(Records provided):
☆ ☆ ☆

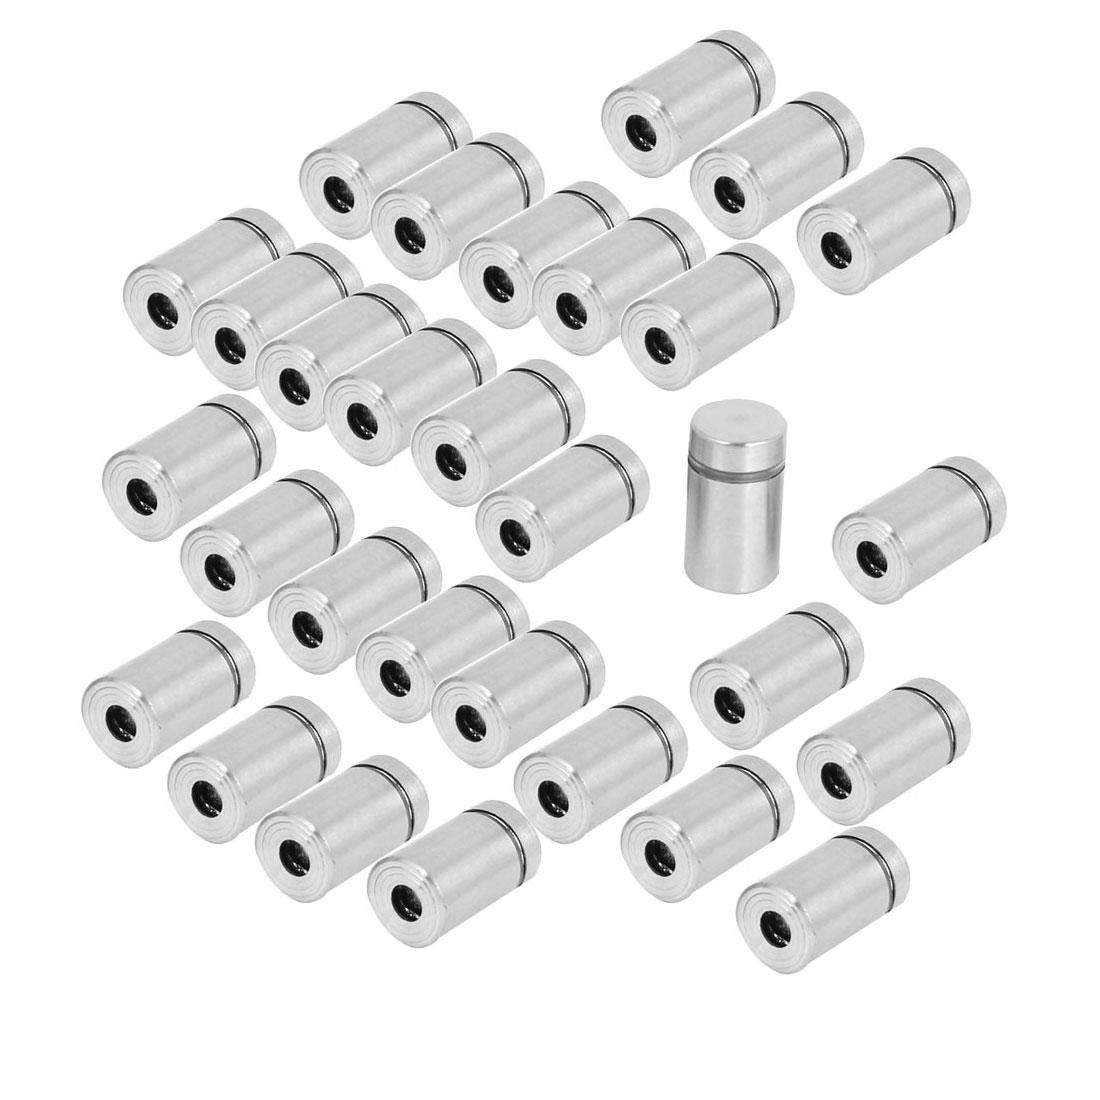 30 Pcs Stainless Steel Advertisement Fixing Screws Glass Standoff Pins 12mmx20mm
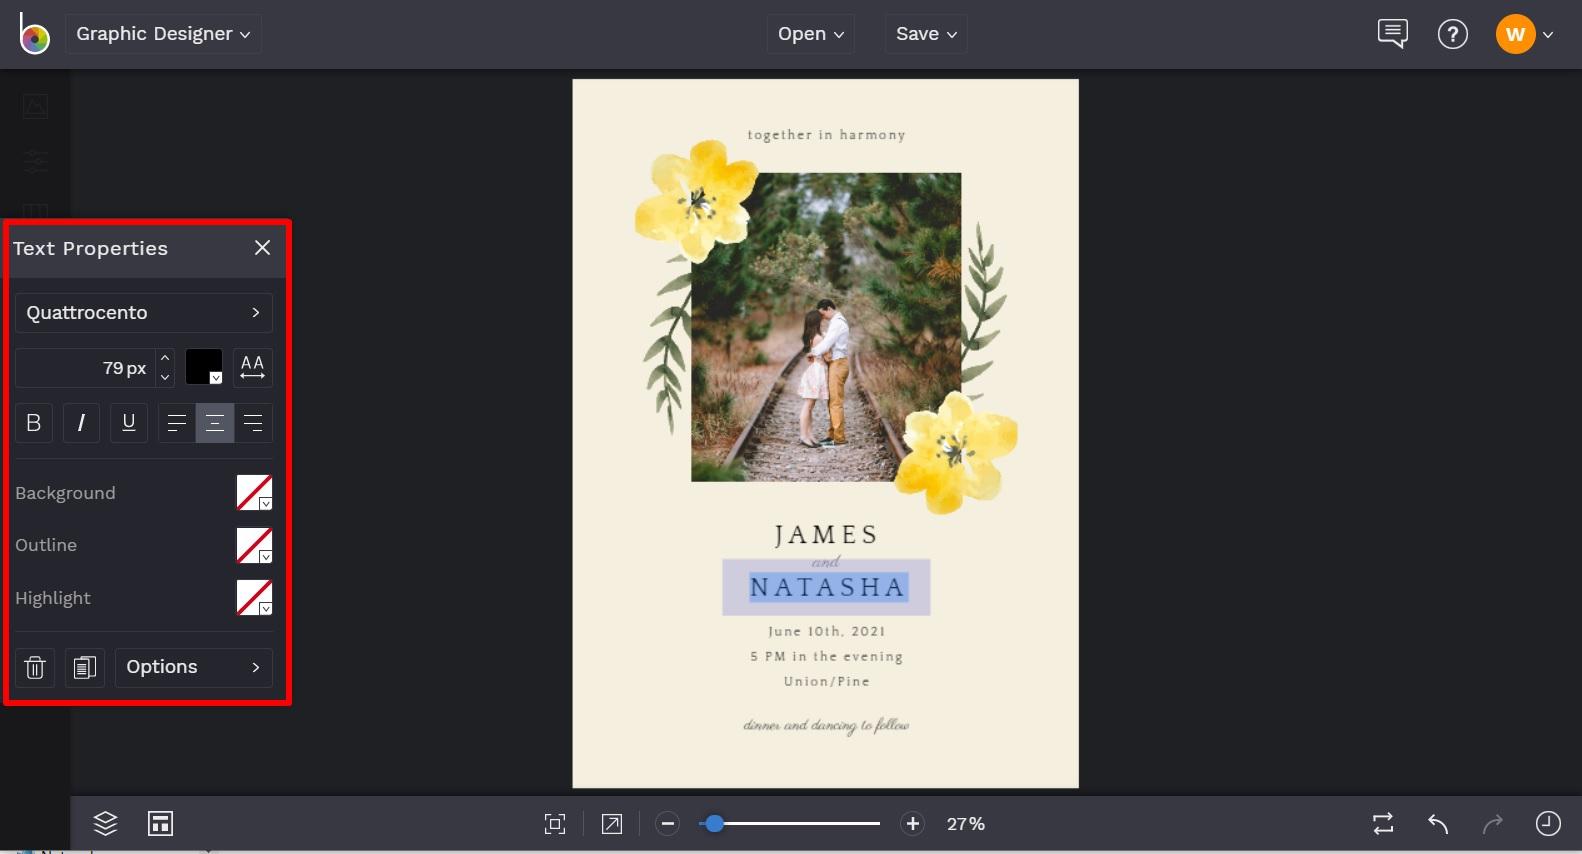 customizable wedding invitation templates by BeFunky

☆ ☆ ☆

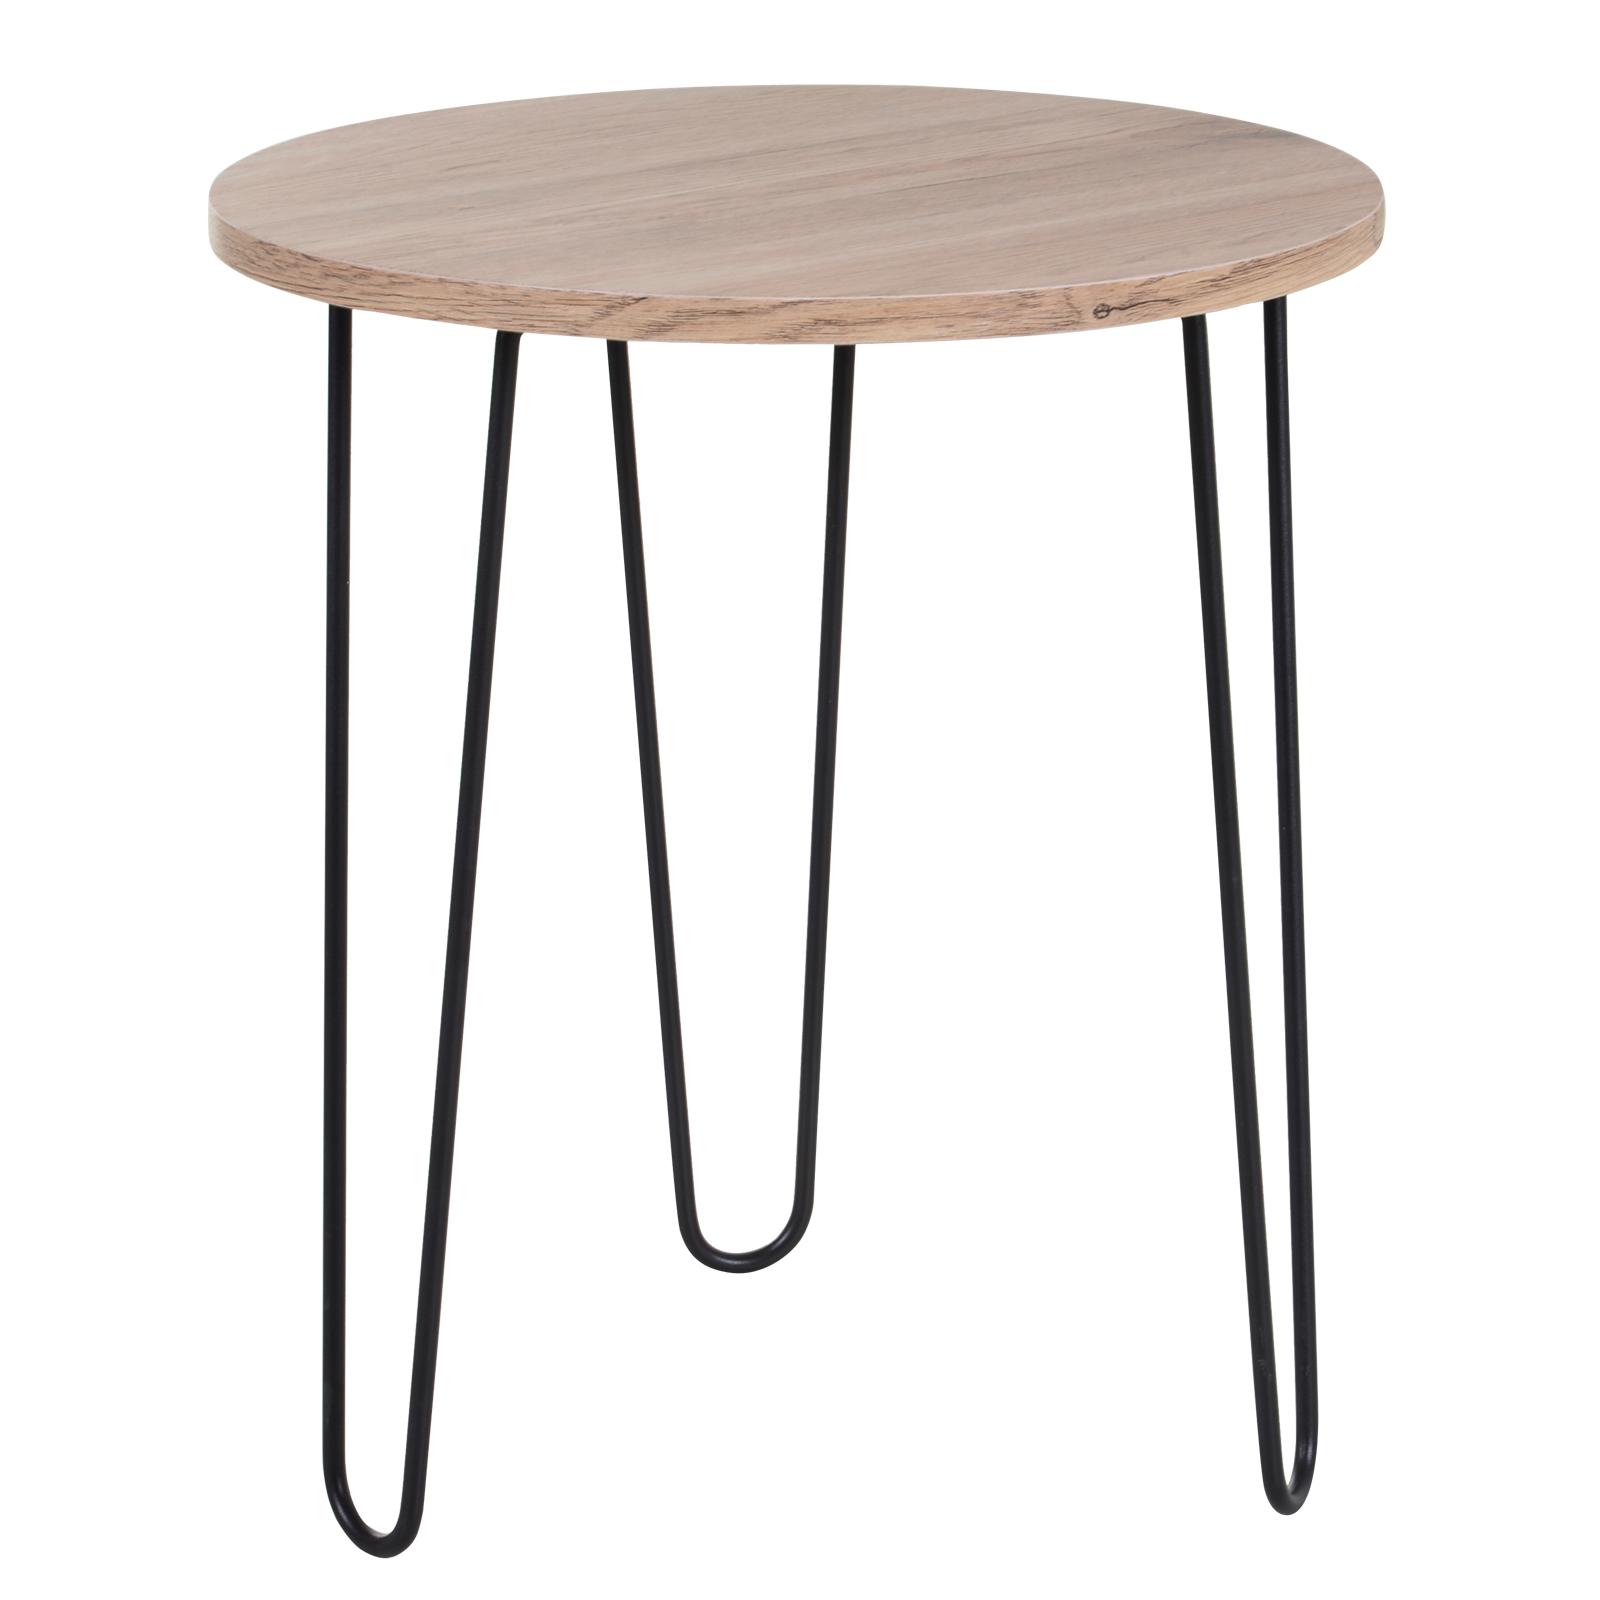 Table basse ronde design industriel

☆ ☆ ☆

(Activity):
Above are some records; extract exactly the lines from the one containing "30 Pcs Stainless" through the one containing "customizable wedding invitation" and drop the pictures.

(Answer to this problem):
 30 Pcs Stainless Steel Advertisement Fixing Screws Glass Standoff Pins 12mmx20mm
 customizable wedding invitation templates by BeFunky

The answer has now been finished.